"Mi sento messa in mezzo in una cosa molto più grande di me". Paola Perego parla per la prima volta a due giorni dalla chiusura di Parliamone Sabato e sceglie Le Iene per difendersi e passare al contrattacco, dopo il fiume di polemiche dal quale è stata investita. Ed è una confessione a cuore aperto quella che la conduttrice fa al programma di Italia 1, al quale racconta la sua versione dei fatti e attacca i dirigenti Rai per come ha gestito la situazione. 

Parliamone sabato, Paola Perego si difende
È una Paola Perego in lacrime per la pioggia di critiche - feroci, sopra le righe e oggettivamente eccessive - che le sono state scagliate addosso quella che si confessa a Le Iene. "Sono disorientata, spaventata, non riesco a rendermene conto, vedo i giornali e mi sembra una cosa surreale, che non sta capitando a me. Non ho ancora metabolizzato, non riesco a capire bene che cos'è questa violenza contro di me. Non me lo merito, io credo di essere una brava persona", spiega la conduttrice, che si dice dispiaciuta "per tutte quelle persone che lavorano con me. Pensa che guadagnano due lire ed ora veramente avranno problemi a pagare l'affitto, perché non è che gli stipendi Rai proprio ti permettono di navigare nell'oro".

Poi entra a gamba tesa nella vicenda e attacca: "C'è gente che ha bestemmiato, hanno intervistato il figlio di Totò Riina facendogli l'altarino, abbiamo visto in televisione qualunque cosa. (Questo, ndr) era un gioco. È scoppiata la bomba, ma la bomba non c'è. Hanno usato me come potevano usare forse qualcun altro. Forse è scomodo mio marito". La Perego svela che probabilmente le rescinderanno il contratto e respinge al mittente le accuse di sessismo: "Non sono una sessita, veramente non lo sono". 

Le accuse per il controllo dei contenuti
Nella lunga intervista a Le Iene la conduttrice spiega anche come funziona la catena di controllo sui contenuti, vagliati dal capostruttura e dal direttore di rete prima di essere messi in onda, poi svela: "Mi hanno approvato questo argomento e mi hanno cassato il femminicidio perché non volevano che ne parlassimo perché non era con la linea editoriale. Prima l’approvano e poi si scusano, di cosa? Ma di cosa? Ma di che stiamo parlando? Loro si sono dissociati da una cosa che avevano approvato e adesso fanno la figura di quelli che stanno salvando l'Italia da questo “mostro” che è sessista, che porta in televisione queste cose". 
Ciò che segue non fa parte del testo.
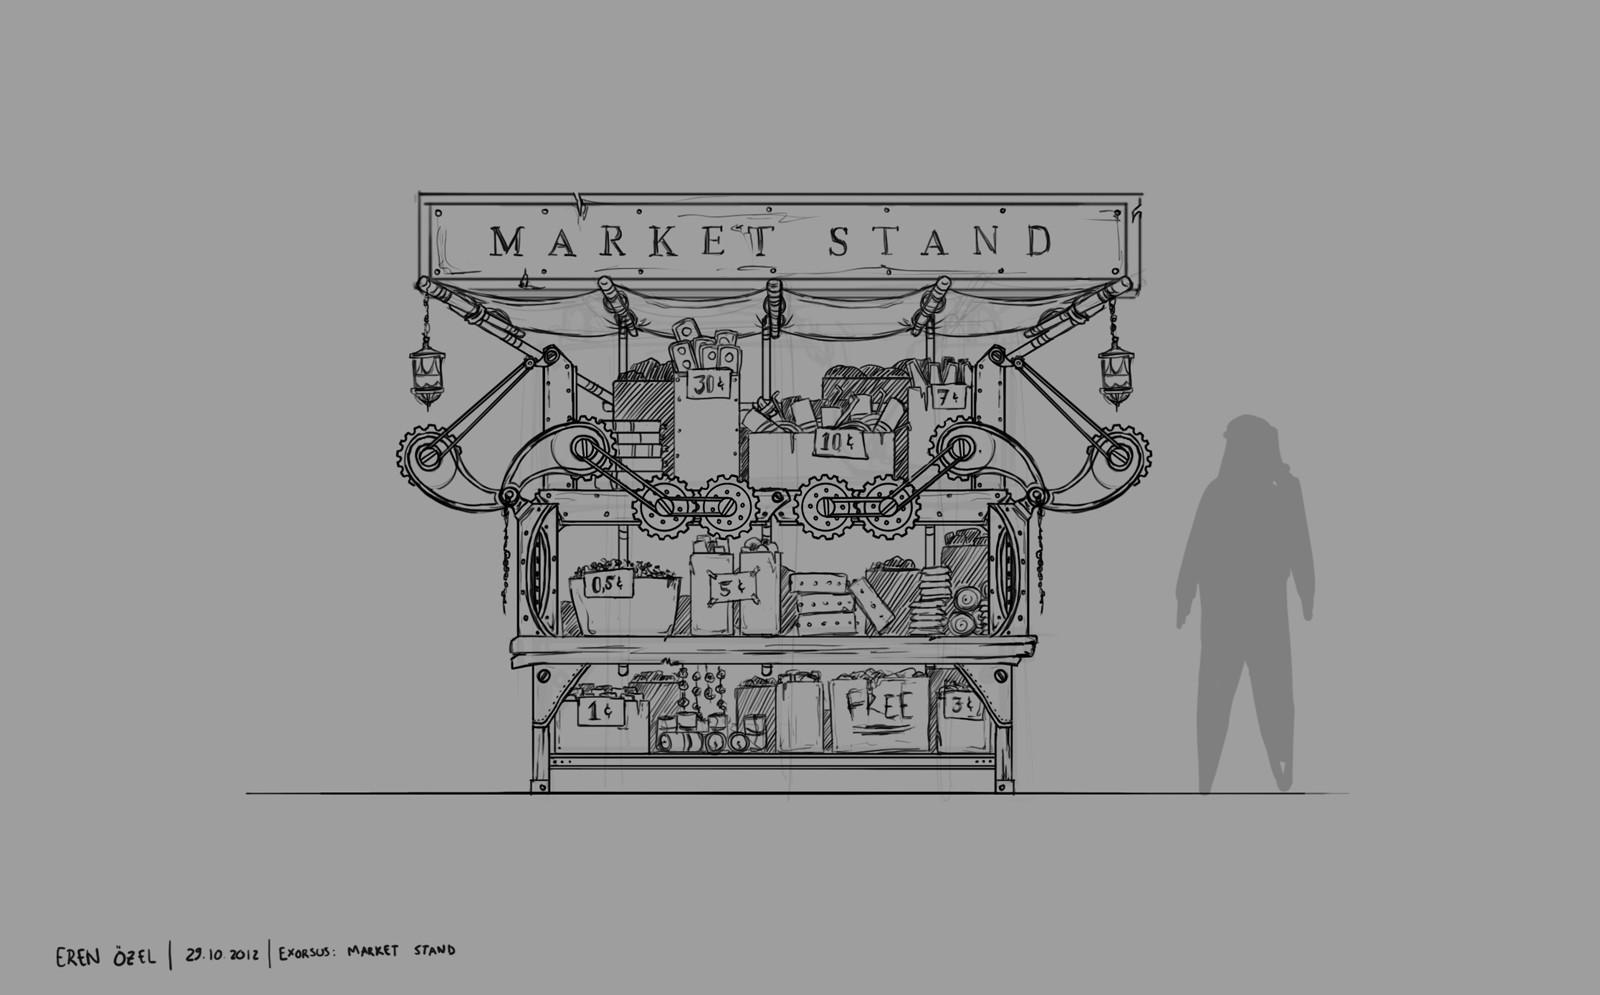 Eren ozel market stand 1600x995

Le scuse per la "pagina mediocre"
Entrando poi nel dettaglio, le Iene descrivono "quella sulle donne dell'Est è stata una brutta pagina di tv" e la Perego precisa: "Una pagina mediocre come tante altre. Non è stato colto il lato ironico della cosa". "C’è qualcosa di cui ti vuoi scusare?", gli chiedono gli inviati dello show di Italai 1: "Sì, io mi vorrei scusare per la dichiarazione di Fabio Testi". Poi replica in maniera frontale alla presidente della Camera Laura Boldrini, che nei giorni scorsi è entrata a gamba tesa nella polemica: "Quando la signora Boldrini ancora non era in politica e faceva televisione, io già lottavo per i diritti delle donne". 

"Non sono sessista, porto avanti una battaglia da sempre, perché è uno dei miei principi base, la difesa dei diritti delle donne principalmente. Fa male", ribadisce la conduttrice. "È sfuggita di mano questa cosa. In due giorni è crollato tutto come un castello di carta", ma nessuno ridimensionerà le accuse "anche perché dalle posizioni che hanno preso, è molto difficile tornare indietro e poi sono dei codardi".